The Visceral Skeleton: The splanchnocranium is the skeleton of the pharyngeal arches in fish (jaws and gill arches) and has given rise to some very interesting structural components in mammals. 1. Sharks: visceral skeleton consists of cartilage in each arch as well as median basihyal and basibranchial cartilages in the floor of the pharynx. First arch modified for feeding as the mandibular arch. Consists of the palatoquadrate and Meckel's cartilages. The second, or hyoid arch, components include the hyomandibular (dorsally) and ceratohyal (lateral) cartilage. Articulation of the palatoquadrate and Meckel's cartilages includes the hyomandibular in a movable joint.
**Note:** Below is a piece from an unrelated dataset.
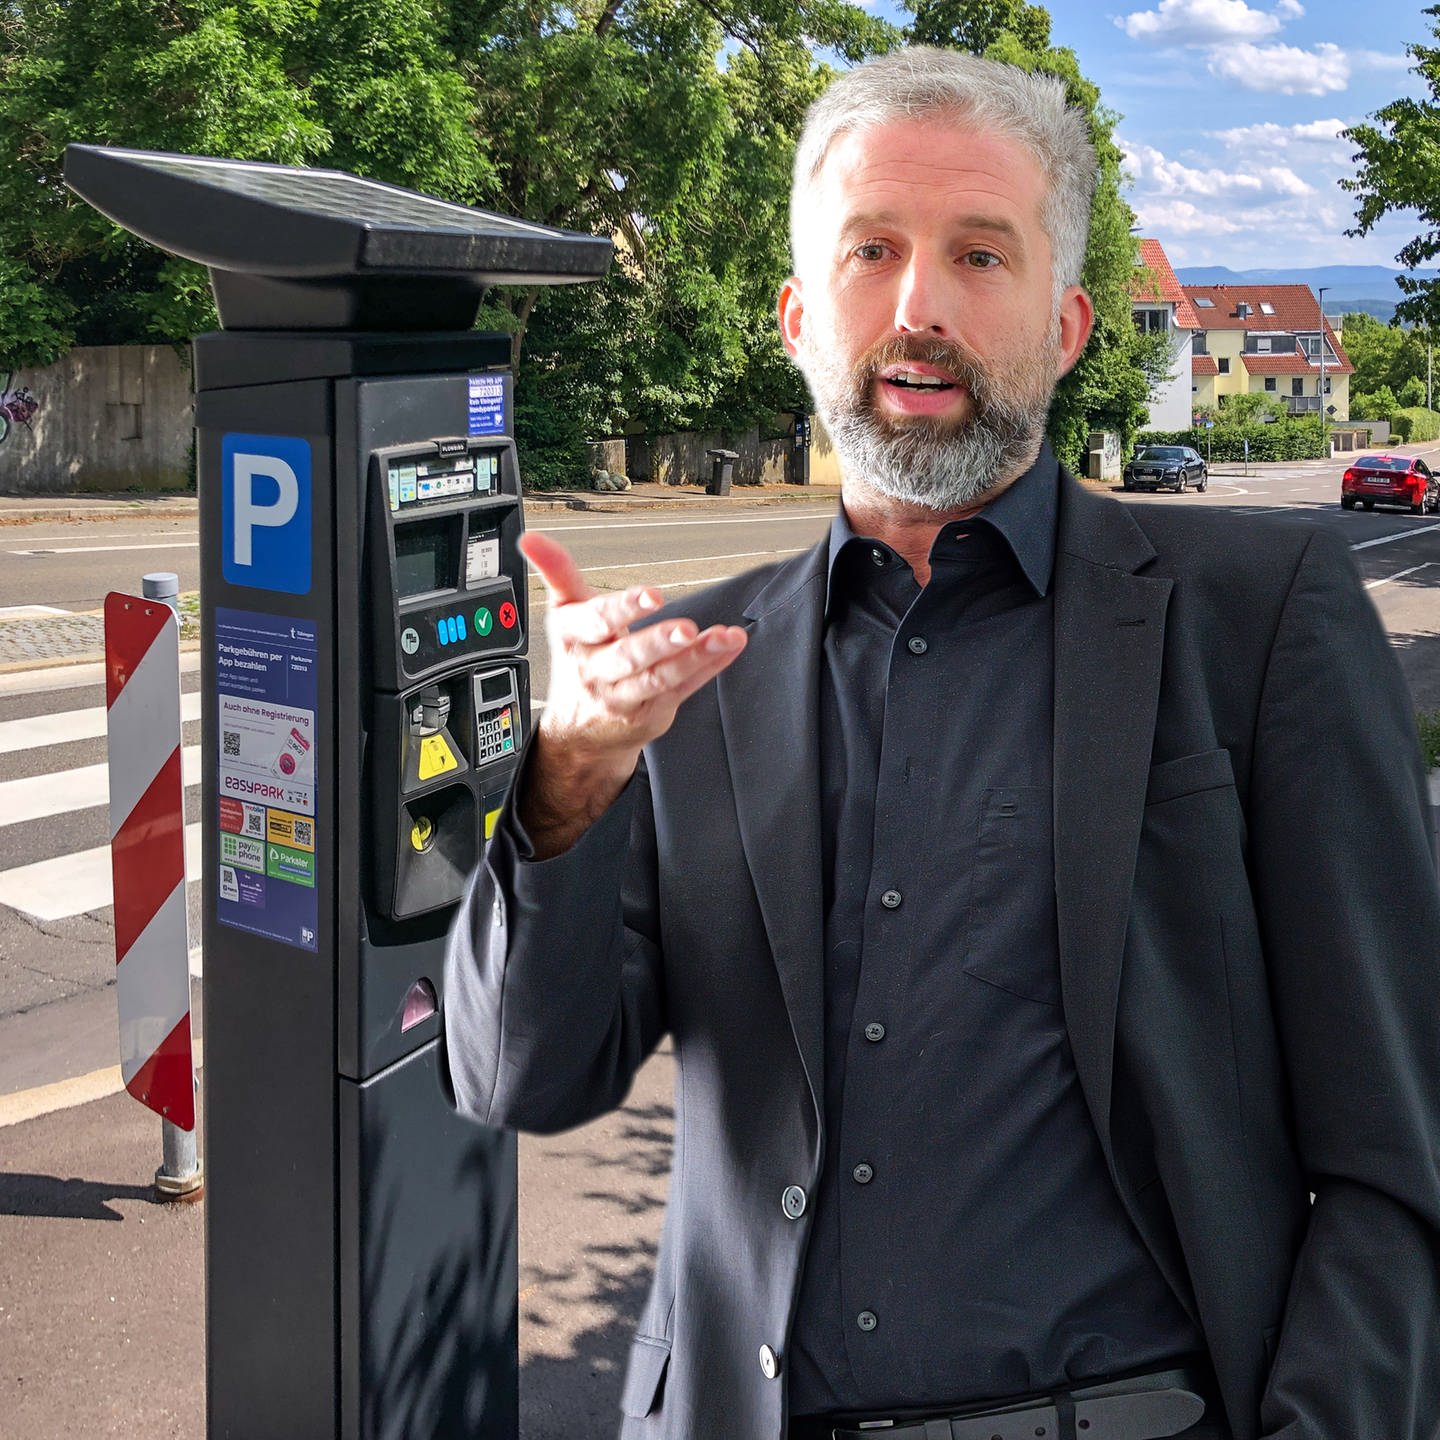 Parkgebühren per Handy zahlen spart Geld - sagt Boris Palmer - SWR
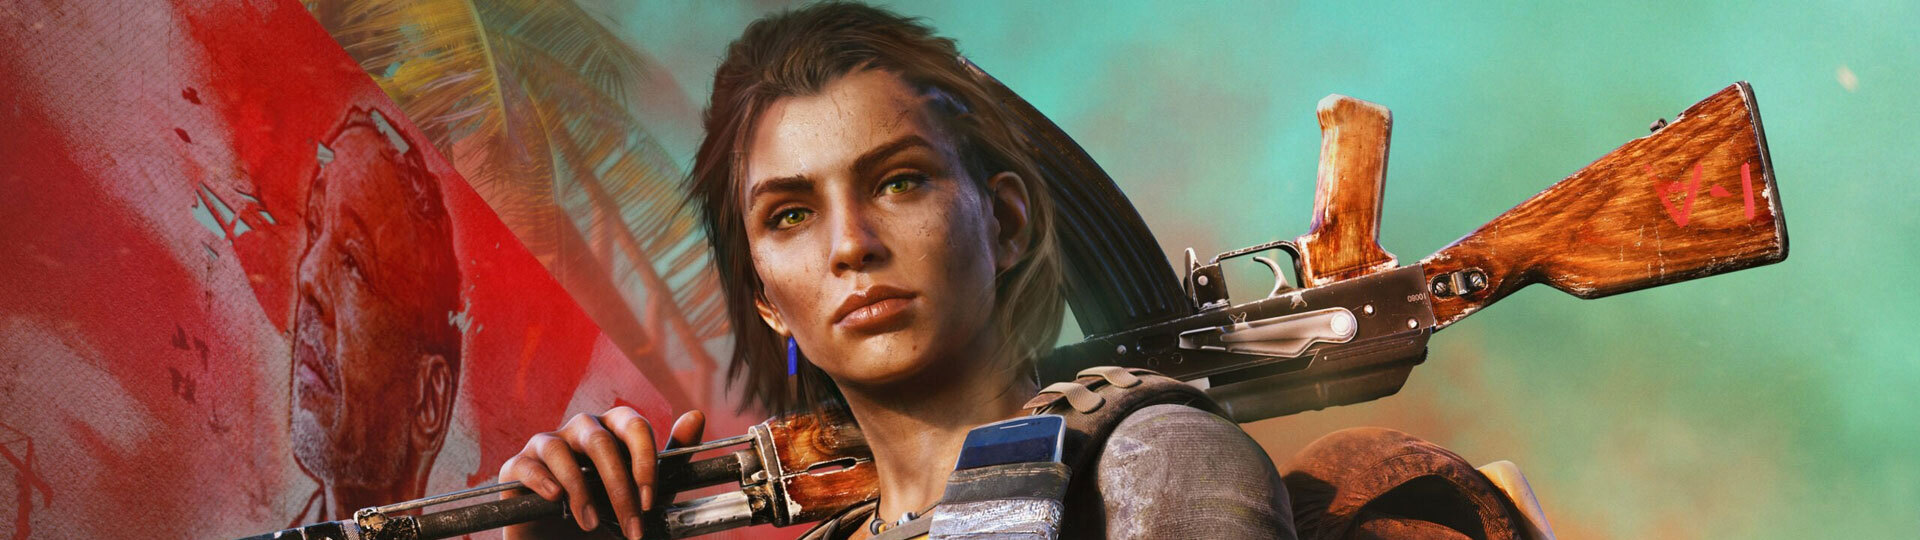 Ubisoft údajně pracuje na Far Cry 7 a multiplayerovém spin-offu | Spekulace

The hyomandibula is bound by ligaments to the otic capsule and thus suspends the jaws from the neurocranium: hyostylic jaw suspension. Amphystylic attachment, where the palatoquadrate is attached at several locations to the neurocranium, is seen in some ancient sharks. Autostylic attachment occurs when the palatoquadrate is fused to the neurocranium.
2. Bony fish: embryonic cartilage is ensheathed by membrane bone. Palatoquadrate is overgrown by premaxillae and maxillae. Palatal region replaced by palatine and ectopterygoids while the posterior tip ossifies to form the quadrate bone. The caudal end of Meckel's cartilage forms the articular bone, while the remainder forms the dentary, surangular, and angular bones. Hyoid cartilages form symplectic, interhyals, and epihyals. Articulation of the jaw may involve the symplectic and quadrate, or symplectic, quadrate, and lower jaw. 3. Tetrapods: modifications of visceral skeleton correspond with adaptational changes for terrestrial life. Palatoquadrate and Meckel's cartilage become ensheathed by dermal bones: premaxillae, maxillae, and palatal bones (palatoquadrate); quadrate becomes site of articulation with lower jaw in tetrapods below mammals (becomes incus in mammals); Dentary, angular, surangular, splenial, coronoids, prearticulars, and articulars form in Meckel's (articular bone articulates with quadrate, except mammals where it forms the malleus). A new articulation formed between the dentary bone and the squamosal, now known as the temporomandibular joint. Note that mammals have only the dentary bone forming the lower jaw. Remember the the hyomandibula becomes the stapes (columella). The remainder of the visceral skeleton contributes to the support of the larynx.